Hi All ,
We have observed a peculiar case in which ignite shutdown gets stuck
indefinitely
We have deployed ignite 2 nodes in embedded mode.
1. On Node1 , some cache operations are performed which triggers
BinaryMetadata Transfer/sync up with other node
1. This wait is indefinite and there is no timeout here
2. As this is a cache put , one write lock also gets acquired.

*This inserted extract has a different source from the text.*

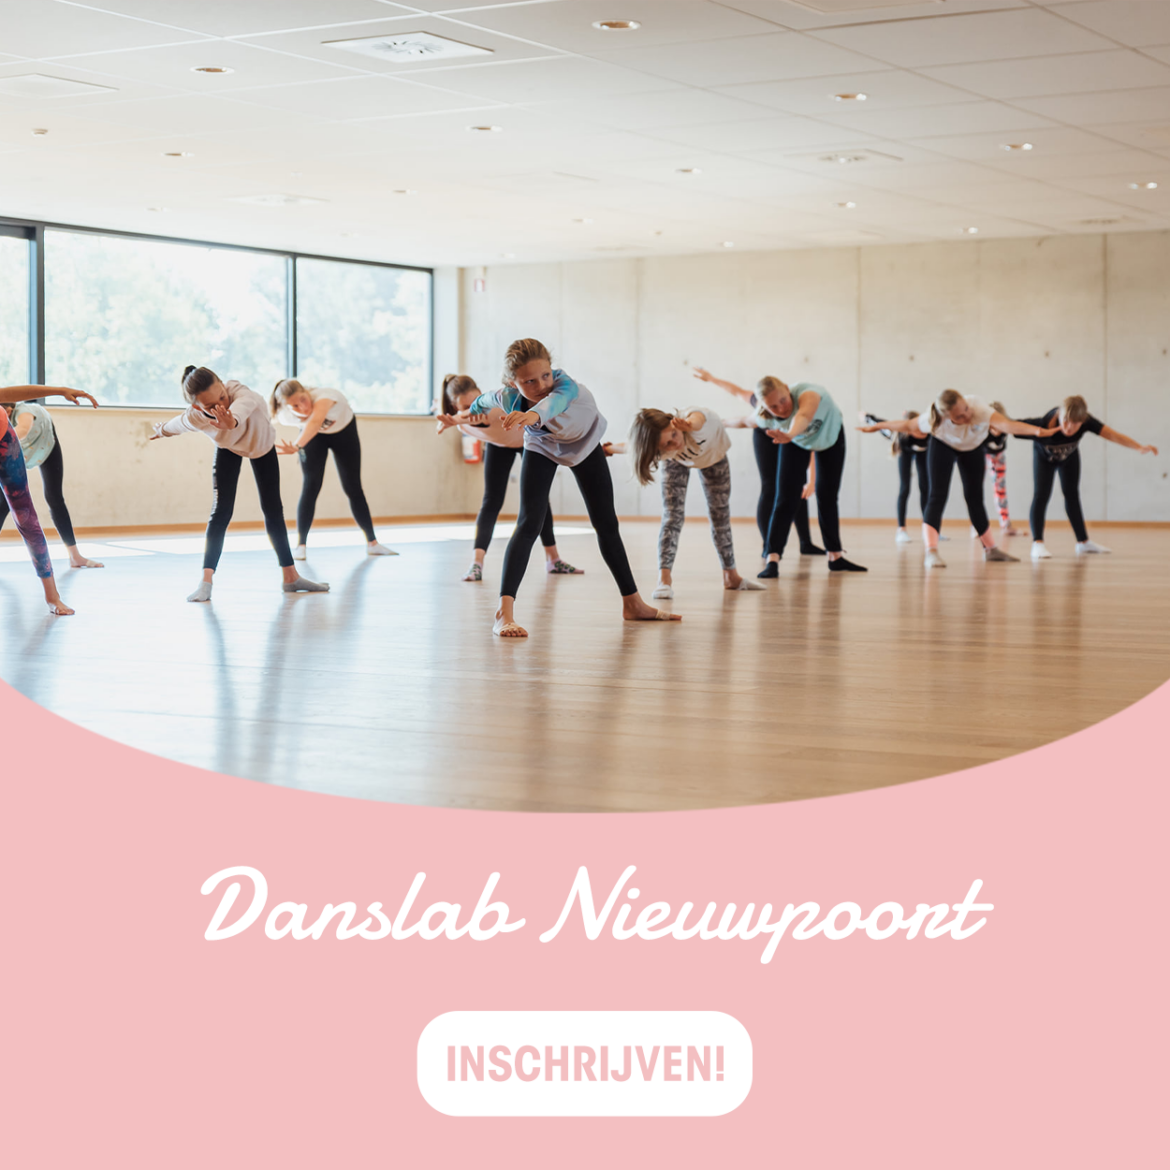 danslab-Nieuwpoort.png

2. As node1 is waiting for response from node2 , Node1 gets segmented
and loses connectivity with node2
1. Due to this , Node1 never gets expected response from node2 and
does not come out of the waiting
3. On node segmentation , we are closing Ignite , but as some thread are
still performing cache operation and are stuck at binary metadata transfer
, Ignite is not able to close
1. Ignite close is waiting for the write lock acquired in step 1 to
get released ,which will not happen in this case.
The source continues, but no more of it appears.